Laos is a landlocked country, there’s no denying that. However, that doesn’t mean you can’t get some quality relaxation time on the water.
For nearly the entire length of the country, the Mekong River runs its course from Tibet to the South China Sea. While millions of people live along this river and rely on it for their very lives, there are also several opportunities for traveler’s to rest their weary feet.
Just across the Lao border from Cambodia lies the area known as Si Phan Don to locals, but better known to travelers as 4,000 Islands. While most of the islands are no more than small sandbars during the dry season, there are several inhabited islands among the Mekong’s 14-kilometer breadth. Of these, the most popular with traveler’s are Don Dhet and Don Khon.

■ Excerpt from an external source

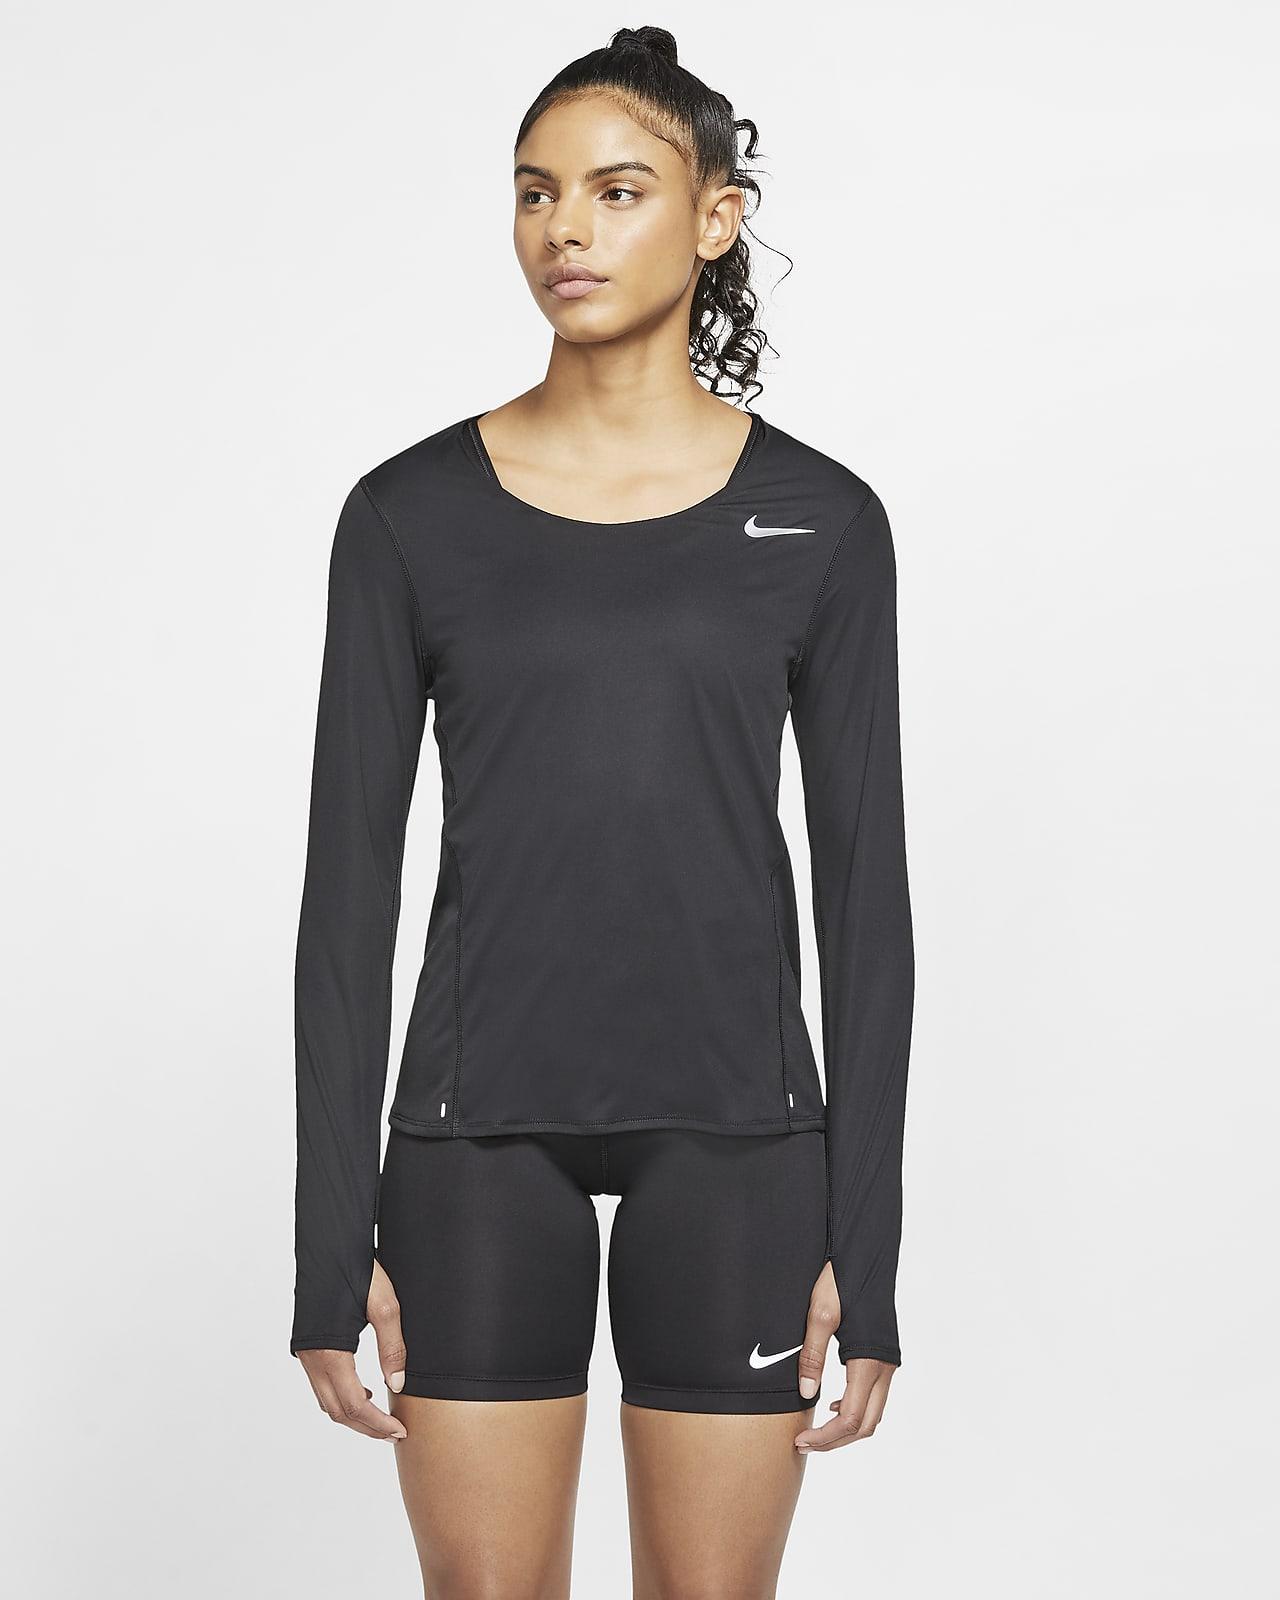 Женская беговая футболка с длинным рукавом Nike

Seperated by a small channel, but connected by an old French railway bridge, the two islands are fairly easy to reach from any point in southern Laos or northern Cambodia.
Once you reach the islands, there is as much or as little as you want to occupy your time. Should you chose to be busy, you can rent a kayak or inner tube to float down the river, or you can rent a bike to explore the islands a bit further.
When I was there recently, I chose to rent a bike and headed over to Don Khon from my hotel on Don Dhet.
I had a wonderful day riding through the old villages on the islands, following old railway trails, looking for dolphins in the river, and watching water roar over a waterfall. It was a great way to see a bit of life in rural Laos fishing villages.
On the other hand, no trip to 4000 Islands would be complete without a day spent lounging in a hammock, cold Beer Laos in hand, waiting until you get just toasty enough to cool off with a swim in the mighty Mekong.
Whether you want to stay for 1 night or for 10 nights, make sure to get to Si Phan Don soon, as it is quickly changing. While I was visiting, there was a constant hum of hammers and saws as new, larger hotels and guesthouses were being built.
In my opinion, most of the charm of 4000 Island is that you can relax on the riverside for mere dollars a night, while still being able to enjoy some traveler friendly food, and biking through villages that have changed little in the last 100 years. However, once the large and nicer guesthouses open, I suspect that these islands will start to lose a lot of their charm. Crowds will take over the quiet riverside, restaurants will serve you food after 9pm, and the wifi might become even faster.
While progress is always good, there is something nice about the tranquility you can experience at Si Phan Don. Make sure to get there before that goes away forever.